Vector Search benchmark introduces BenchBox’s first correctness-and-latency metric pair: 6 kNN/ANN queries reporting recall@k alongside latency.
FlightData benchmark adds 20 analytical queries over US BTS on-time aviation data, with DataFrame support.
NYC Taxi expansion adds Green Taxi, For-Hire Vehicle (FHV), and High-Volume FHV trip records alongside Yellow Taxi.
TPC-DS-OBT now defaults to Parquet output. Use
--benchmark-option output_format=datto keep the old behavior.ClickHouse split into three platforms:
-local,-server, and-cloud.
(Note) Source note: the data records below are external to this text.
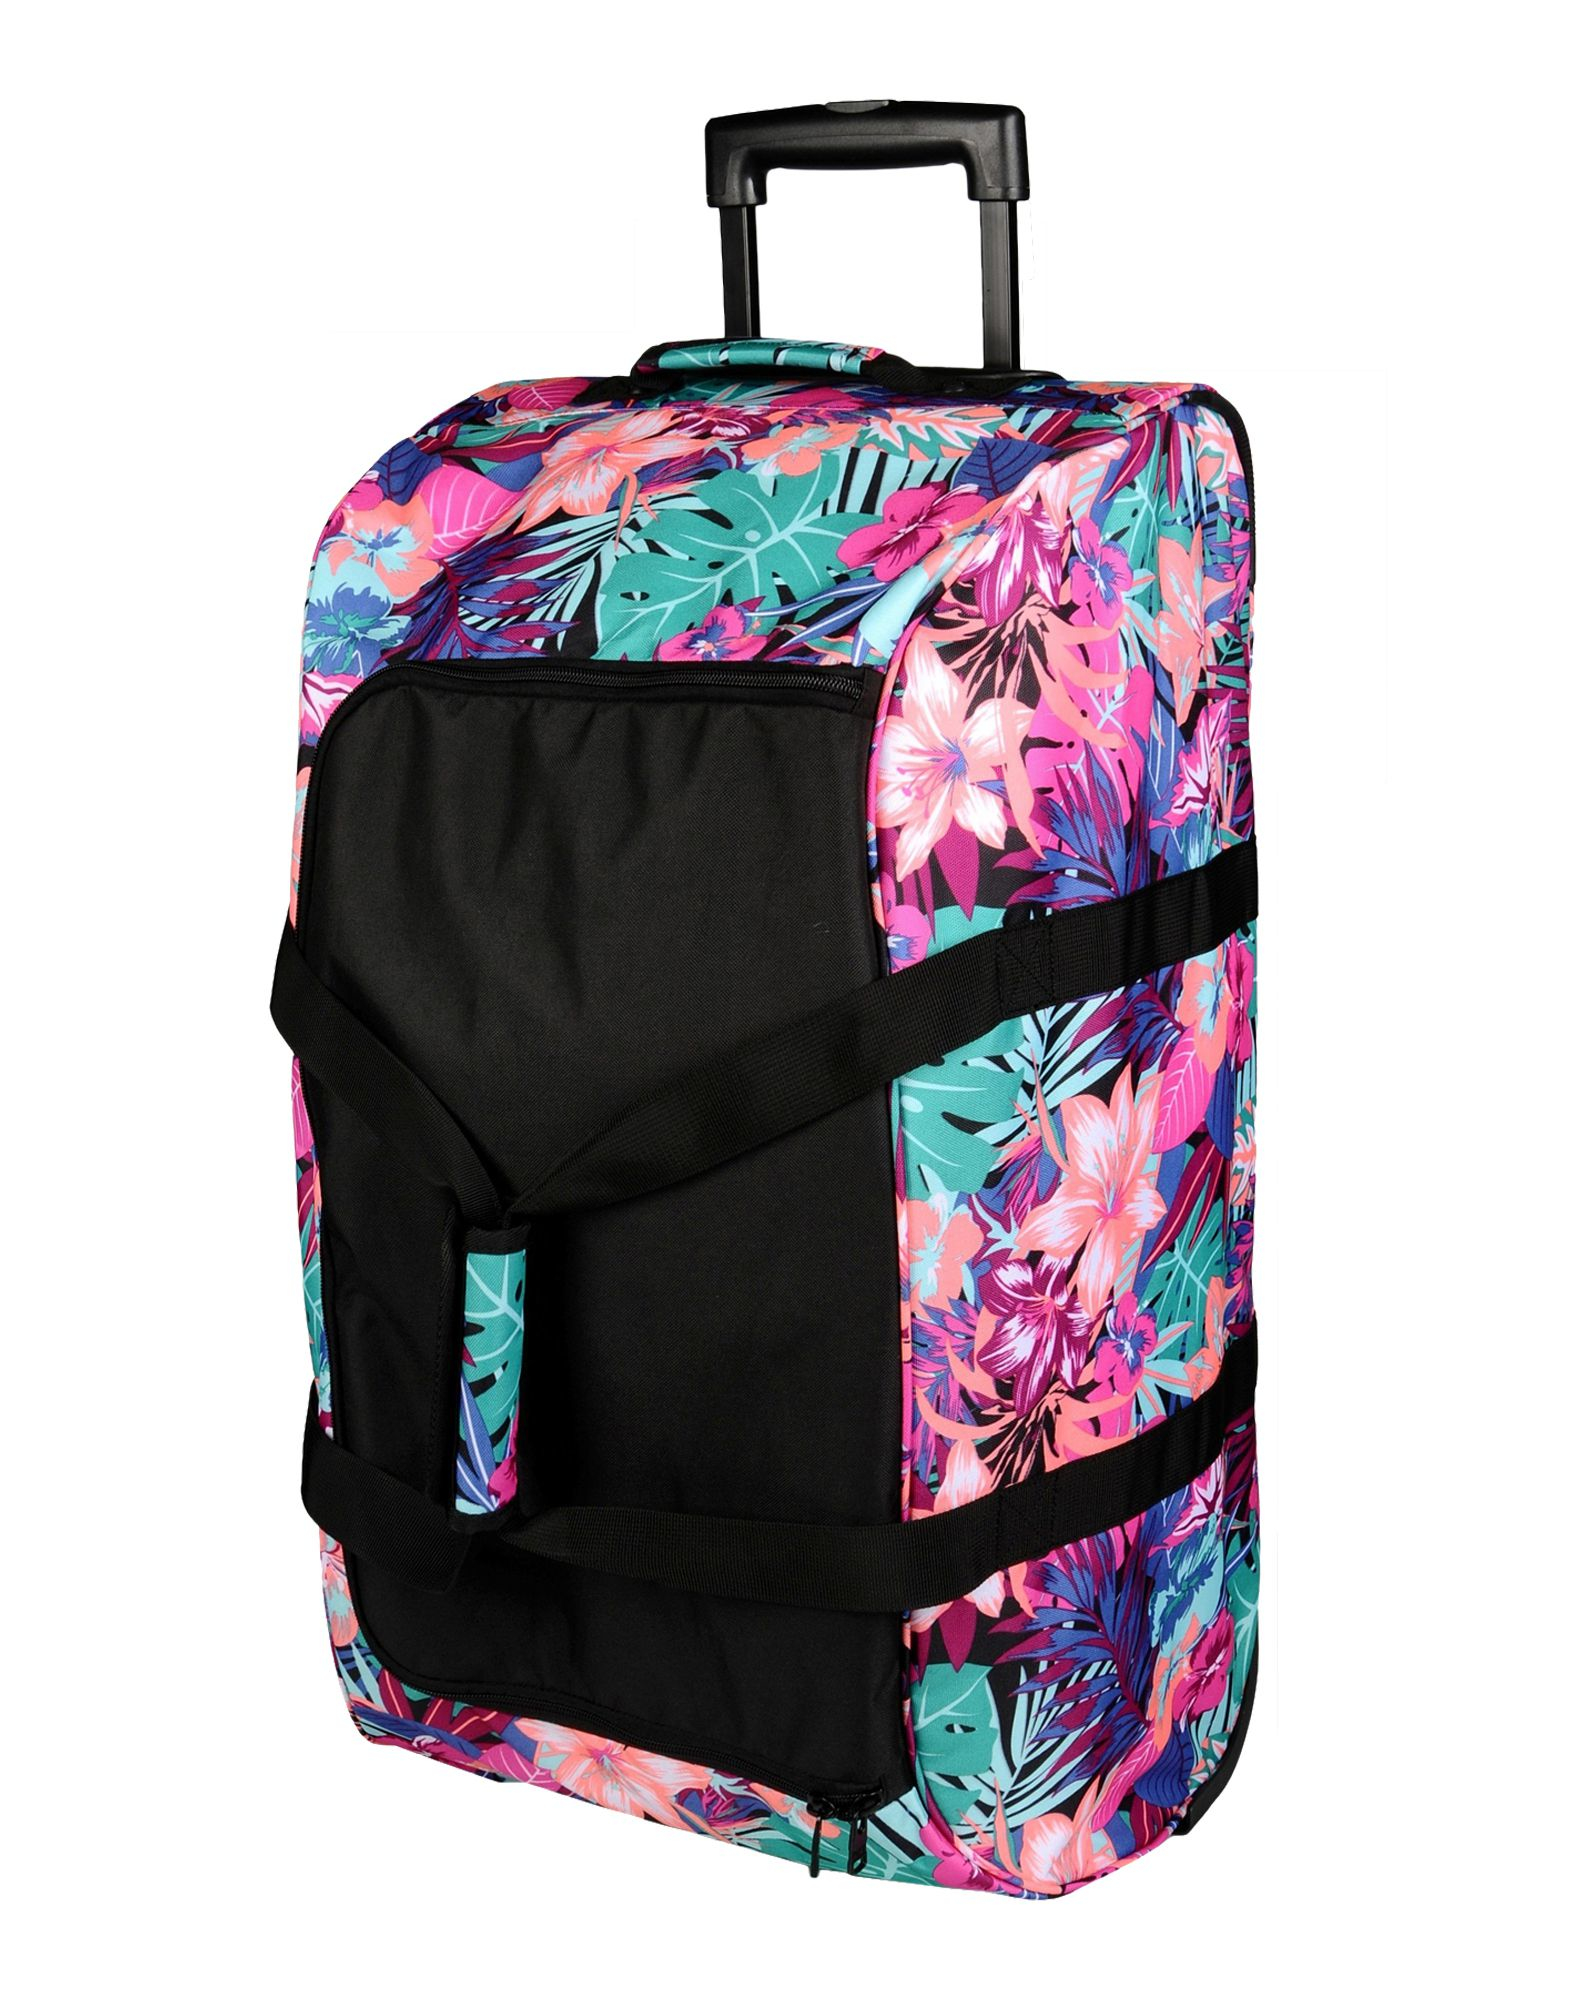 Roxy Canvas Wheeled Luggage in Light. roxy travel luggage. 
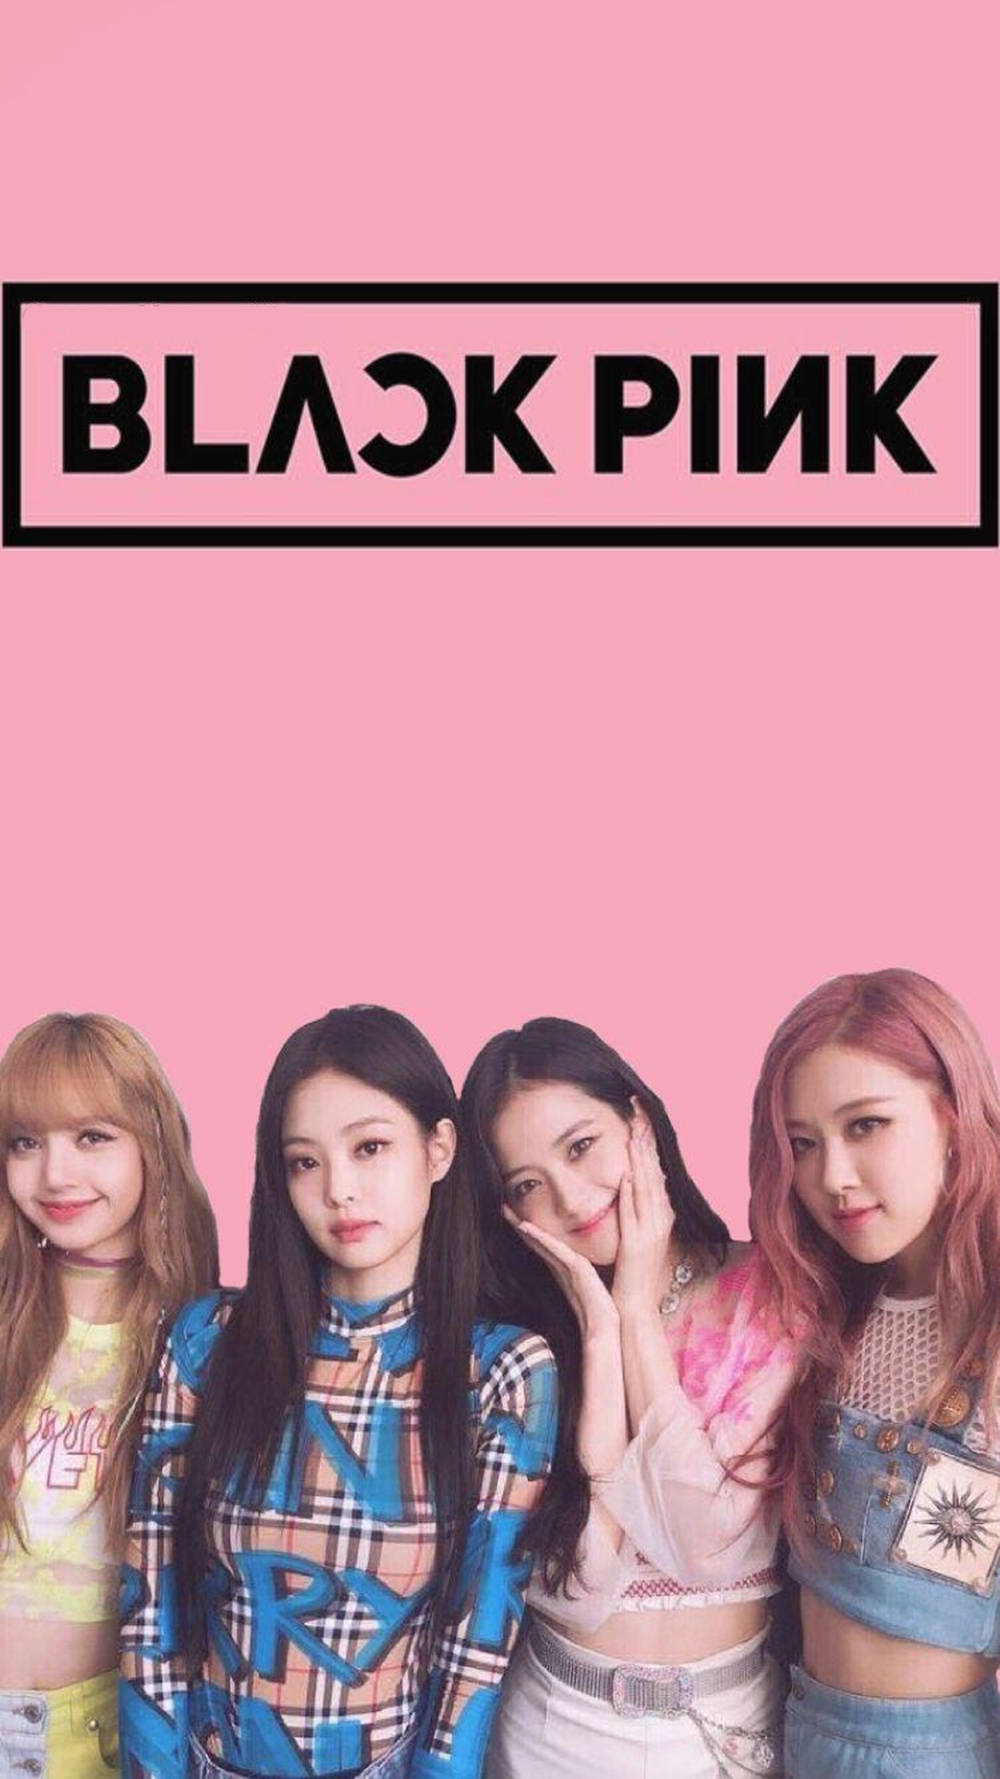 Blackpink Cute Group Photo Wallpaper
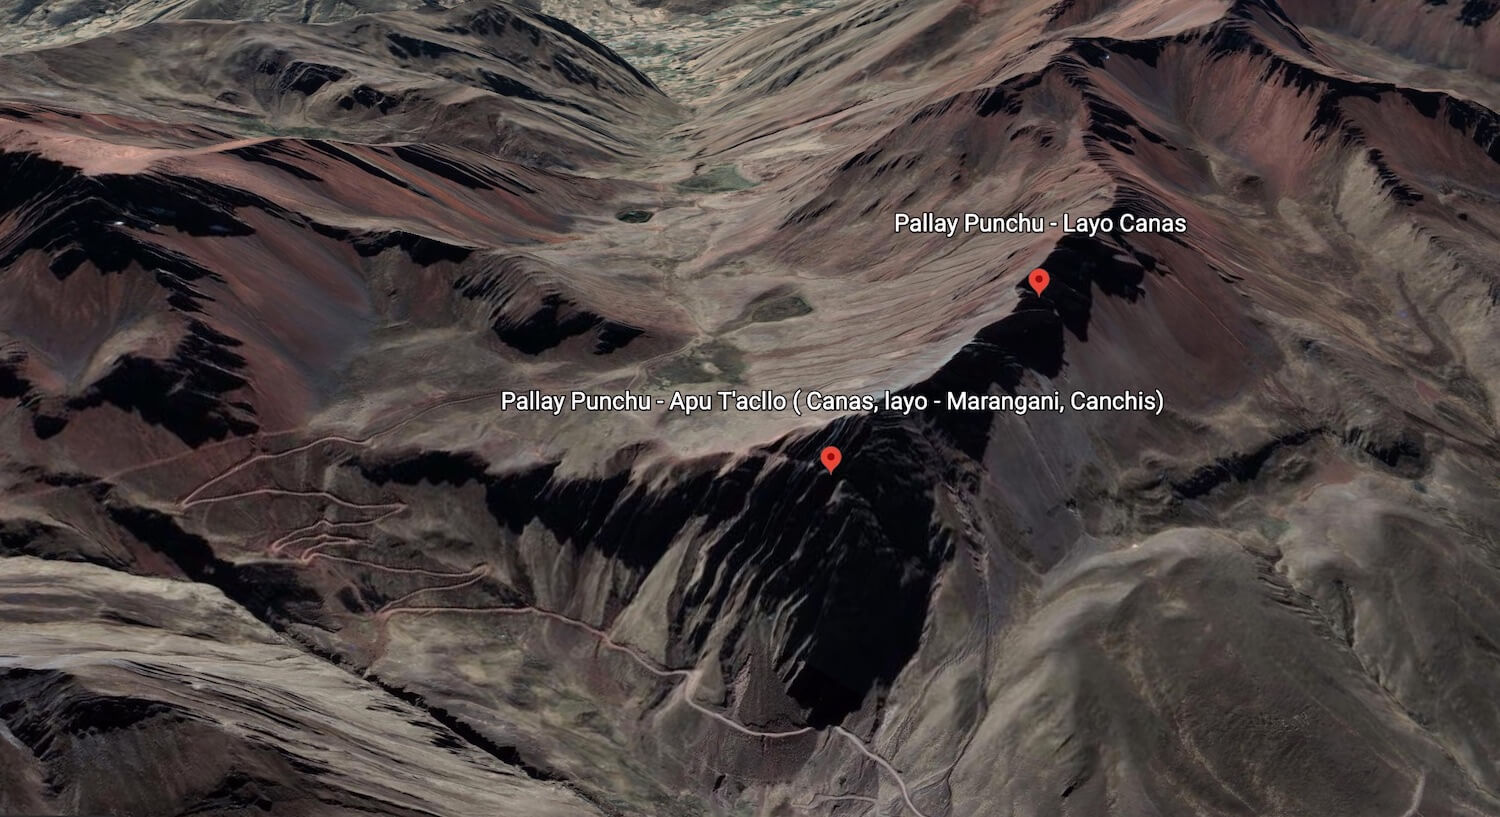 Pallay Punchu Rainbow Mountain in Peru
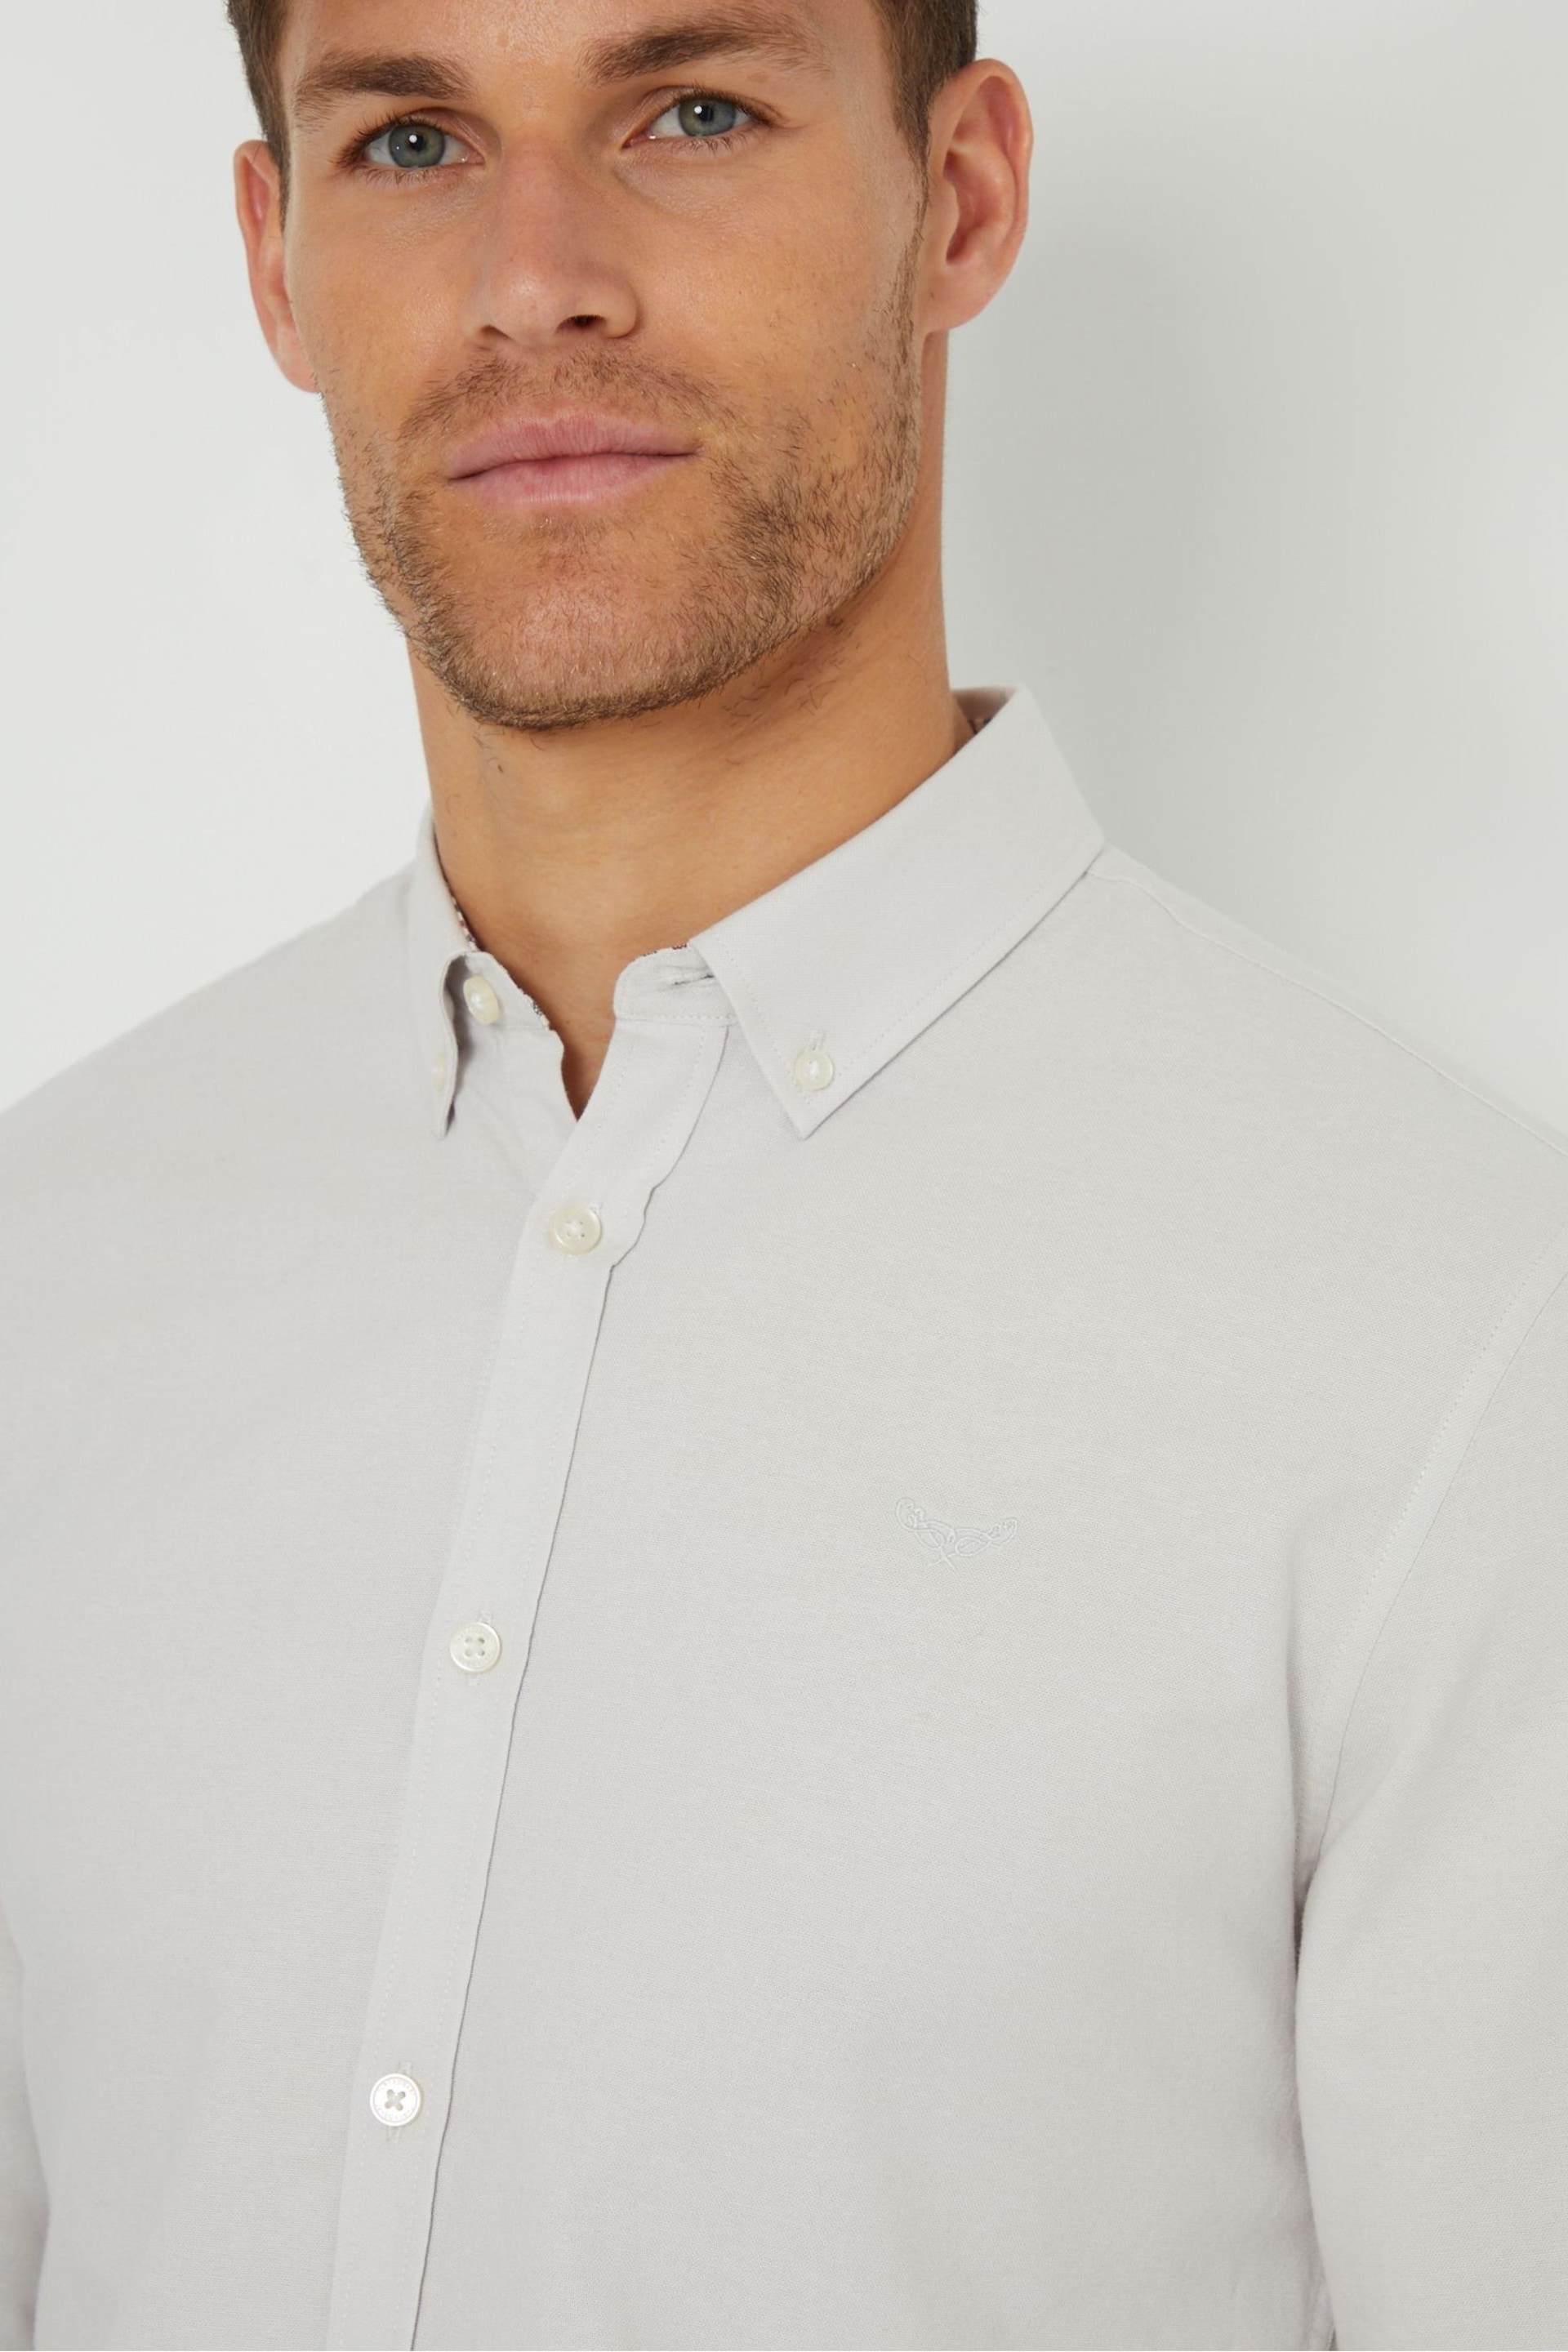 Threadbare Ecru Oxford Cotton Long Sleeve Shirt - Image 4 of 5

Deployment mode is now explicit in the platform name rather than hidden behind branching.
At a glance¶
Area |
What changed in v0.2.1 |
Why it matters |
|---|---|---|
New platforms |
Doris, CedarDB, StarRocks, SingleStore, QuestDB, Gluten+Velox |
Broader MPP and analytics engine coverage across the adapter catalog |
Scale factor harmonization |
7 adjustable benchmarks target roughly 1 GB at SF=1 |
Cross-benchmark size intuition holds when running the same scale factor |
Vector Search benchmark |
6 kNN/ANN queries; recall@k + latency; 6 dialect variants |
First BenchBox benchmark with a correctness metric alongside latency |
FlightData benchmark |
20 analytical queries over BTS aviation data; DataFrame ready |
New analytical workload with real-world high-cardinality data shape |
NYC Taxi expansion |
Green, FHV, HVFHV trip records via |
Run NYC Taxi against a wider slice of the actual taxi fleet |
Unofficial TPC-DS scales |
SF<1 supported via bundled patched dsdgen (non-comparable) |
Fast iteration on TPC-DS without spec-scale data sizes |
ClickHouse split |
|
Deployment mode is no longer hidden inside one adapter with branching |
What’s different from v0.2.0¶
v0.2.1 is an expansion release: six new platform adapters, two new benchmarks, a ClickHouse architectural split, and a benchmark-data-size harmonization. This expansion is enabled by a new SQL compatibility subsystem that centralizes benchmark gating, query variants, dialect rewrites, schema emission, and DDL optimization. Before this, adding a new platform adapter required per-platform dialect handling. Now the per-platform work is primarily configuration: register rewrites and gate conditions; shared infrastructure handles the rest.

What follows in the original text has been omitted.